Universities do not always take the special needs of mature students into account. Three-fifths are part time, and the full-timers generally have other calls on their time, such as children or the need to earn money, or both.
Mr West says: "These are students who have to manage many aspects of their lives outside university. Some may live some distance from the institution in which they study. Yet, for example, they often find that timetabling scatters their programme through the week, because timetables are constructed for full-time residential students."
The needs of mature students should have acted as a spur to lecturers to find new methods. In fact, after an initial spurt, Mr West thinks that lecturers have gone back to "the methods they have known and loved". There was also a hope among some adult education specialists that they would have an effect on university life, infecting younger students with their sense of purpose, motivation and questioning approach. This too seems to have been dis-appointed. Al-though Mr West finds that lecturers like to have them in seminars, as soon as the seminar is over they tend to go home to their families.
If Britain has a two-tier higher education system - traditional universities being the first tier - then mature students are still overwhelmingly to be found in the second. In 1992, 80 per cent of mature first-degree students, and 98 per cent of other mature undergraduates, were in the former polytechnics and in colleges, a proportion virtually unchanged since 1982. Only 60 per cent of young students were in polytechnics or colleges.
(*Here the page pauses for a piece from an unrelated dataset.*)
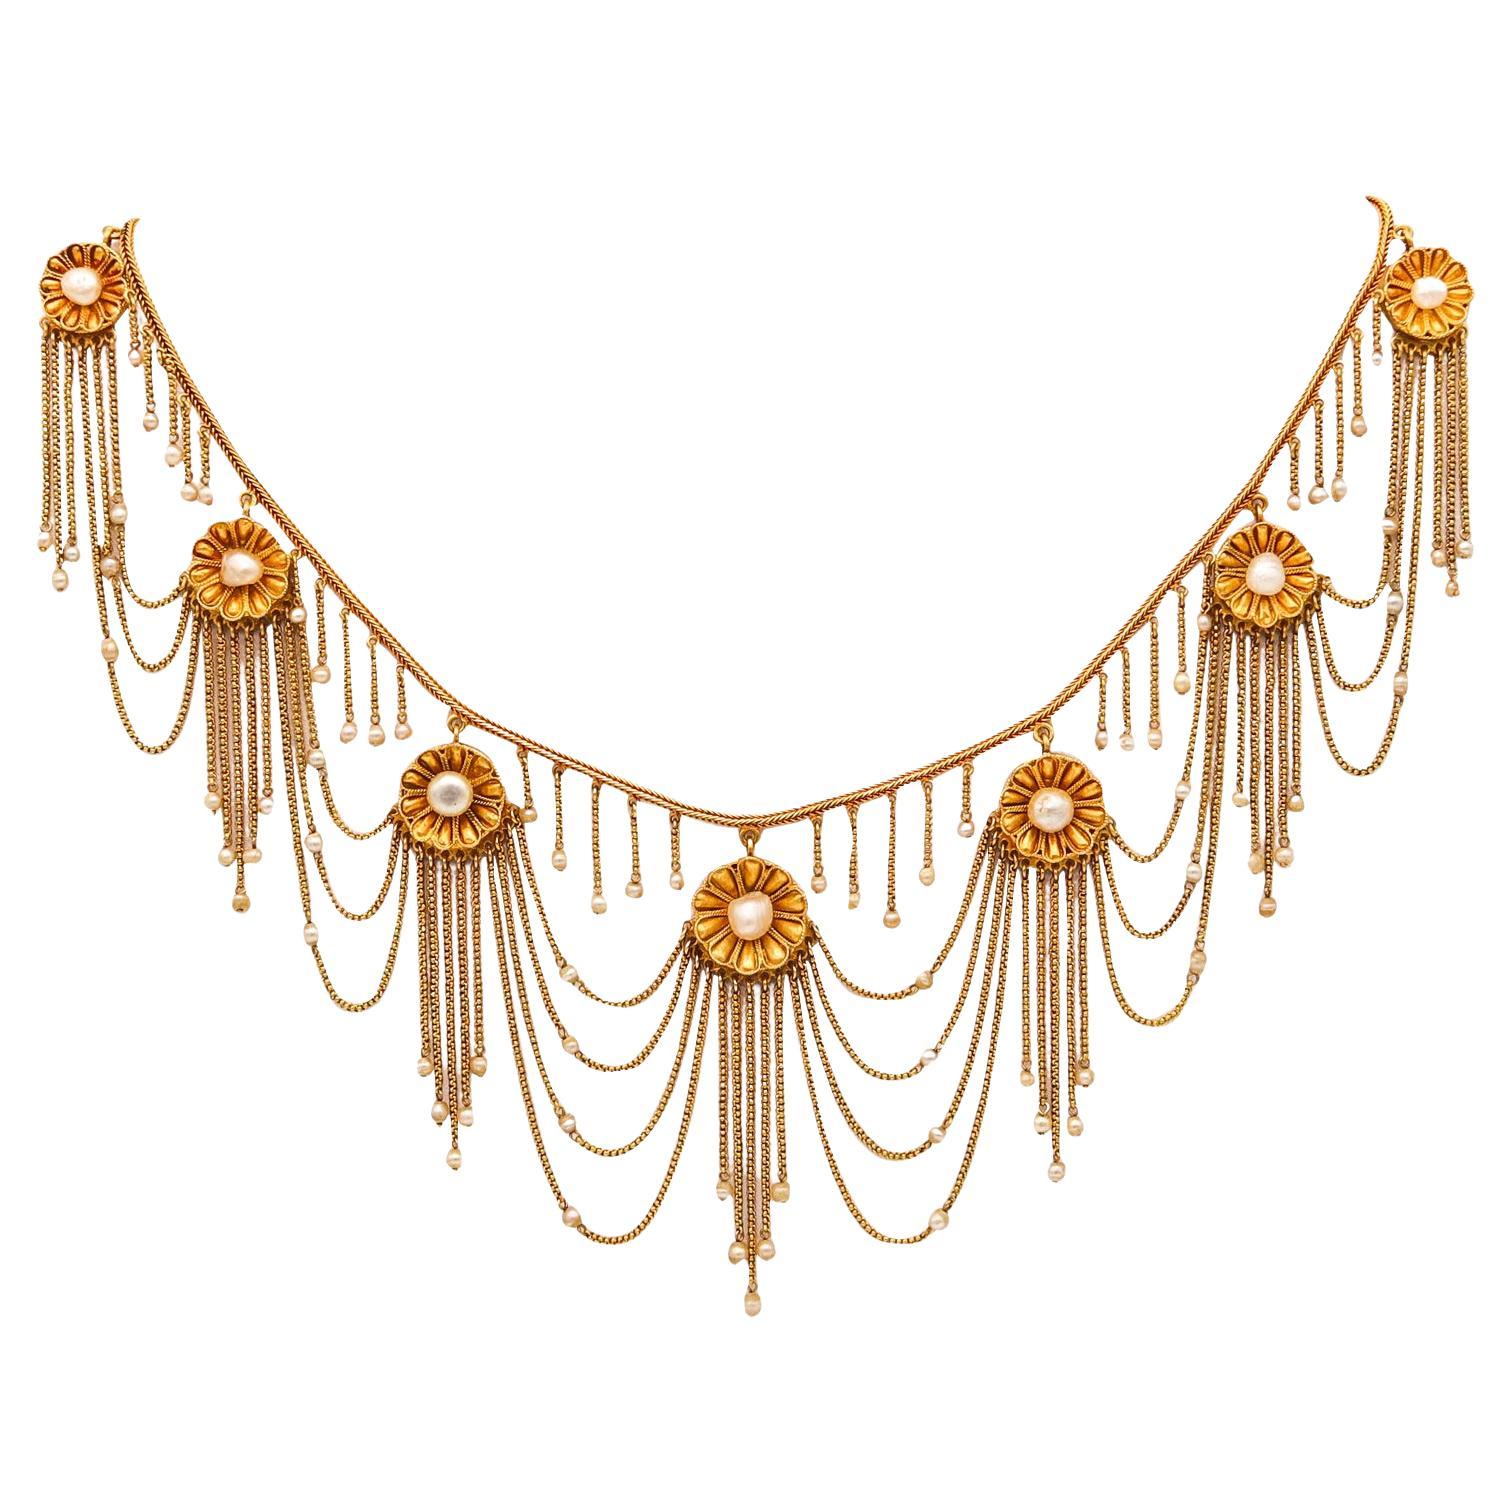 Magnifique collier victorien 1870 à franges festonnées en or jaune 18 carats et perles naturelles

Polytechnics and colleges saw by far the biggest proportional increase in mature students between 1982 and 1992. They also increased the proportion of mature students who are full time in those 10 years. In the traditional universities this proportion actually decreased.
All the figures suggest that Mrs Shephard's "revolution" is happening in the new universities and the colleges, and not in traditional universities. Even more disturbing, it looks as though the more prestigious the institution, the fewer mature students they have. Oxford, Cambridge and Imperial College London have very few. Just 2 per cent of Oxford's undergraduates are currently mature students. But London's new universities have proportions well above the national proportion of 51 per cent: 59 per cent at the University of Westminster, 63 per cent at the University of the South Bank, 74 per cent at North London University.
And some of the students are very mature. North London University boasts one student over 80, and several in their fifties and sixties.
Motives for people giving up work and making a heavy financial sacrifice to take up studying are varied, but many hope to improve their chance of a better job. They are often disappointed.
Graduate unemployment has now been joined by what is called "underemployment" - graduates taking non-graduate jobs in order to make a living. For mature students this can mean the heartbreaking decision to go back to the old boring job from which they hoped their degree would rescue them.
Mature students may find it hardest of all, because some employers still prefer the traditional young graduate. Many of the mature students investigated by Linden West have found it very hard to get graduate jobs, and Mr West concludes that there is considerable ageism in the graduate job market.
But if ageism is alive and kicking, sexism is decreasing, at least in terms of admissions. Nearly half of today's mature students are women. In 1990, for the first time, women full-time mature students constituted exactly half of the total. It might be worrying that women slipped back slightly in the subsequent two years, but it seems probable that this was a blip rather than a trend.